There is no reason why one could not categorize things that are actual, or ‘things that exist’ as a class. Another category would be for subjects that are merely hypothetical, or ‘things that are imaginary’. Both would be predicated of any subject that has membership in the category. ‘Some birds are existing things’ is a perfectly legitimate categorical proposition.

So why did Kant make such a strange claim? The part of the ontological argument that he was objecting to was Anselm’s assertion that ‘that than which nothing greater can be conceived’ would be greater if it existed in reality rather than if it was merely imagined. Kant’s point seems to be that existence should not be thought of as some additional property or characteristic that an object has which would make it greater than its corresponding idea. The content of the concept must have predicates that match exactly with those of the actual object or the concept would not be a true representation of that thing. He uses thalers, a kind of currency, to demonstrate. If a hundred real thalers were somehow greater than the concept of one hundred thalers, then the concept would not adequately represent the object, and it would not really be a concept of that thing. Kant thinks that the concept and the object would be identical in terms of greatness, which means that ‘that than which nothing greater can be conceived’ would not necessarily have to exist in reality, as ‘The real contains no more than the possible’. (See Critique of Pure Reason, A599-600/B627-628.)

Kant is right that the predicates of the concept must match the predicates of the object, but what this actually means is that the concept of an imaginary one hundred thalers is different than the concept of an actual one hundred thalers. The concept of an imaginary one hundred thalers would have, as one of its predicates, hypothetical existence. This could not be the concept which represents the object in reality, as their predicates would differ in at least this one respect. The concept of an actual one hundred thalers would have predicates that correspond exactly with the predicates of the object that it represents, including that it exists in reality.

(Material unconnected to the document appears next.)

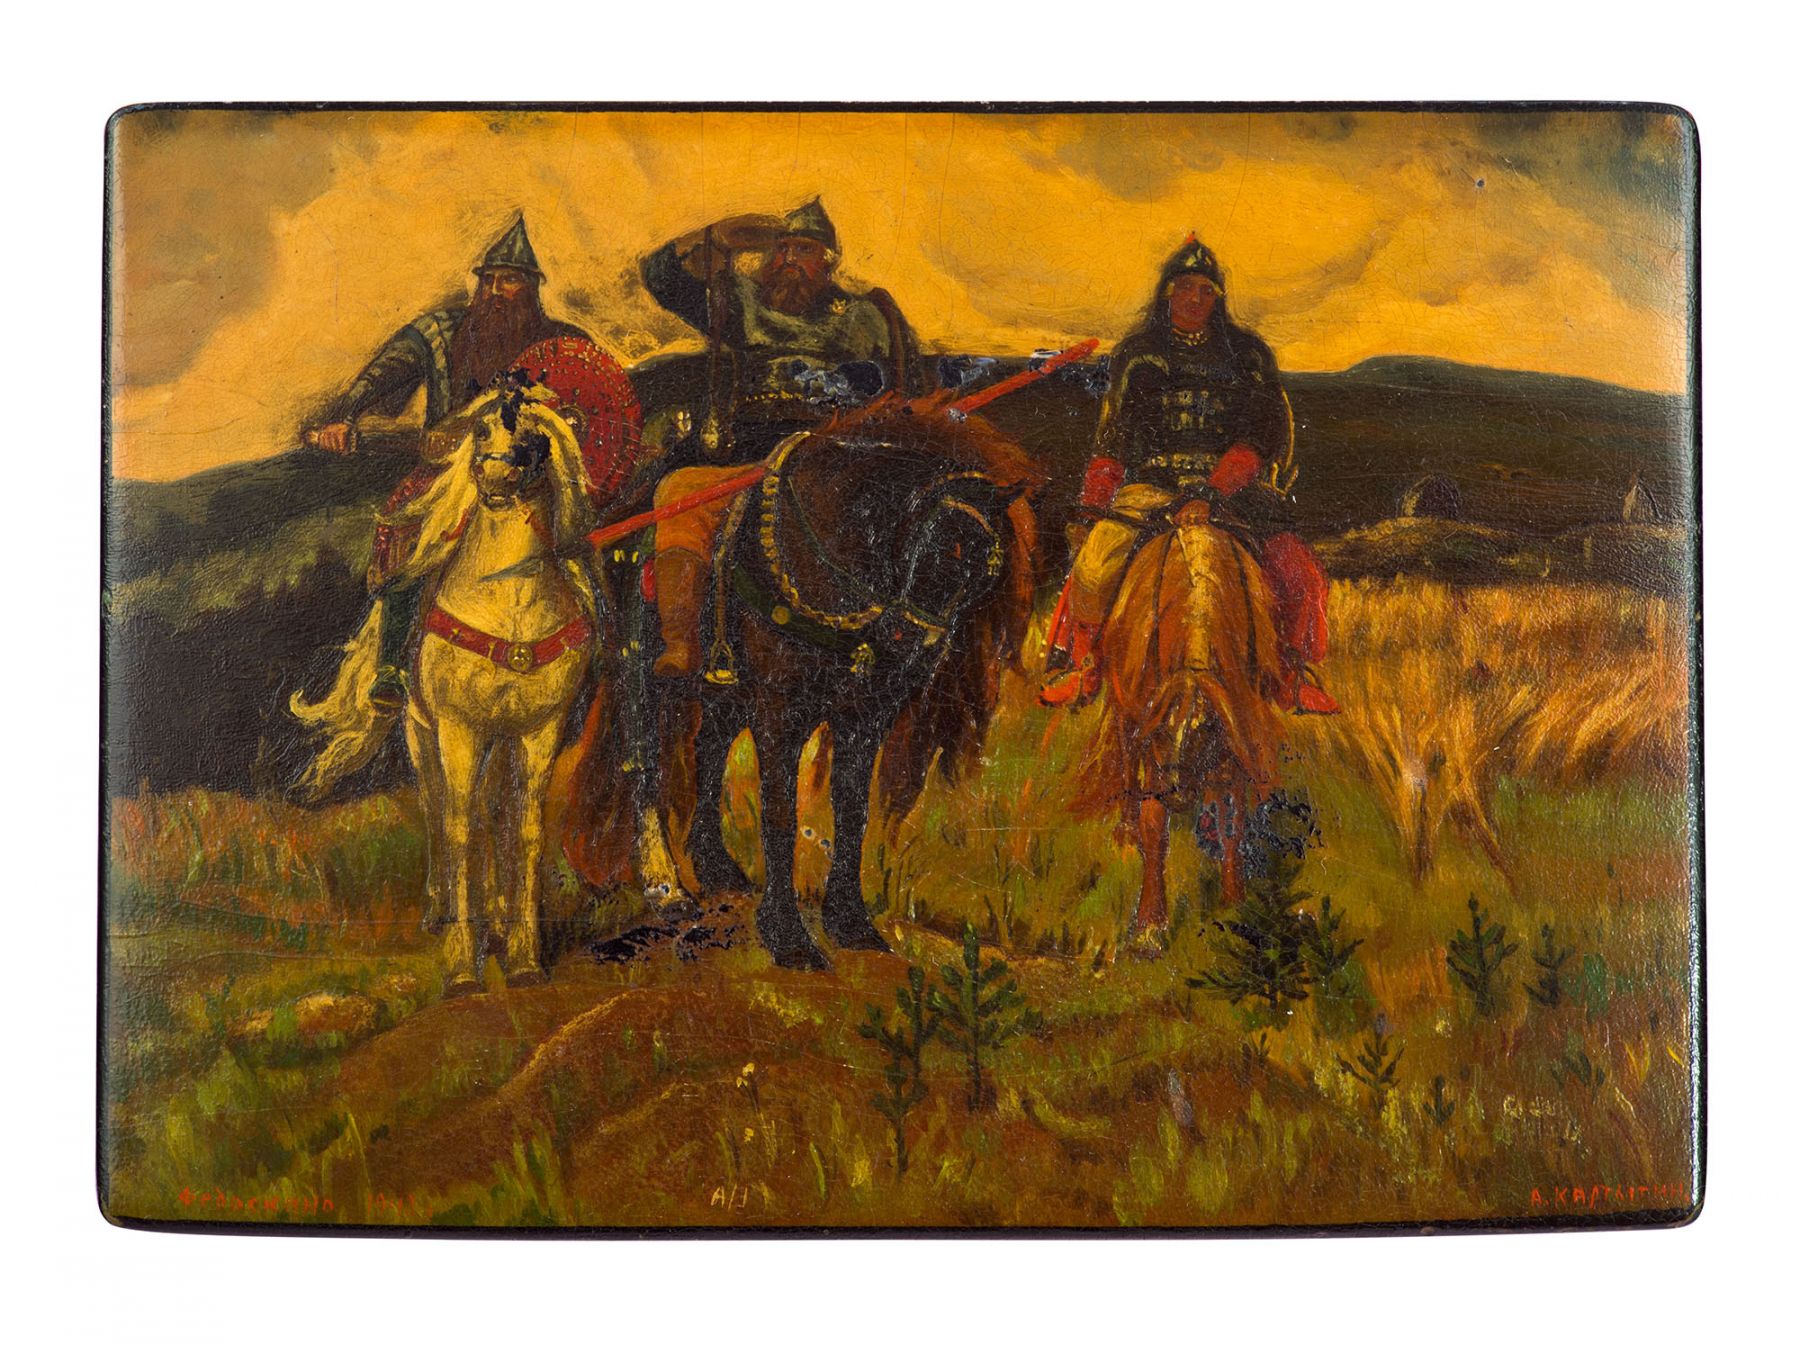 Шкатулка «Три богатыря» по картине В. Васнецова.
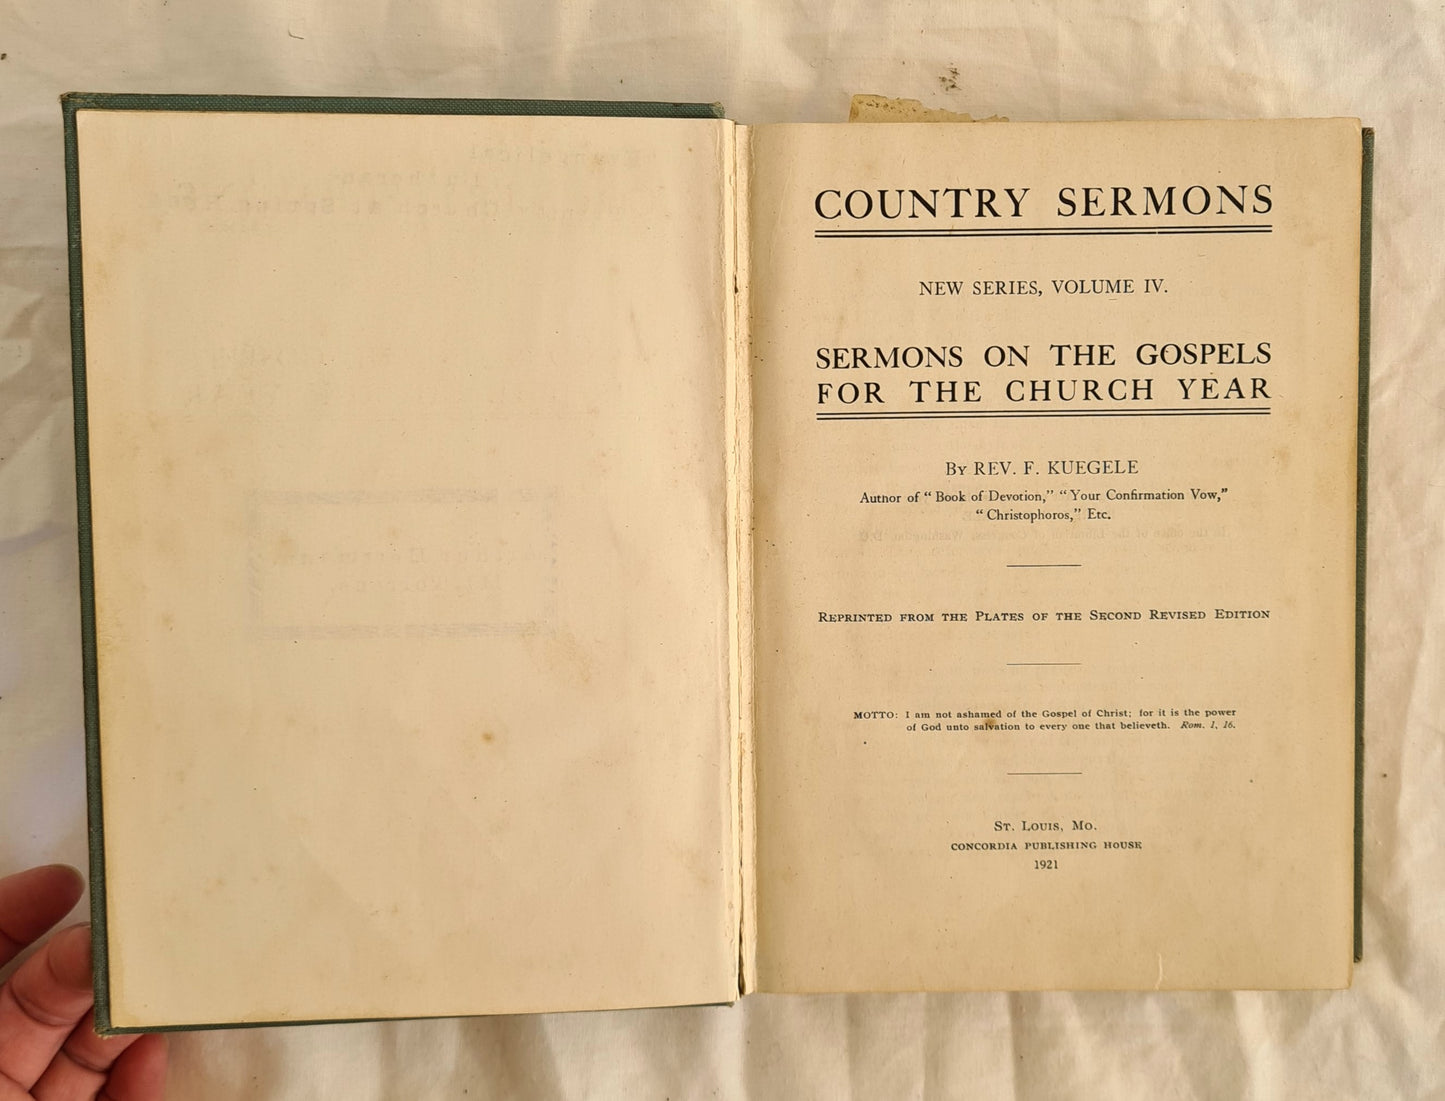 Country Sermons by Rev. F. Kuegele

There is one thing that I agree with Kant about concerning this issue. A necessary being – which he defines as something for which nonexistence is impossible – is thought to be a subject that would have a necessary predicate of existence. Some have concluded from this that the existence of such a being is known a priori. But Kant points out that necessity is only between subject and predicate. If we were to ‘annihilate’ or ‘cancel’ the subject in thought, or in other words, if we were to suppose that there is no subject, then the predicate would automatically be eliminated as well. Kant uses the example of a triangle to demonstrate. ‘A triangle has three angles’ is necessarily true. We could not retain the subject and eliminate the predicate without it creating a contradiction. However, if both are eliminated there is nothing at all, and therefore no means of creating a contradiction (A593-598/B621-626). ‘All unicorns are one-horned creatures’ is true by definition, but if there is no subject then there is no predicate either. I doubt that anyone would claim otherwise. But some have claimed that it is different when existence is the predicate.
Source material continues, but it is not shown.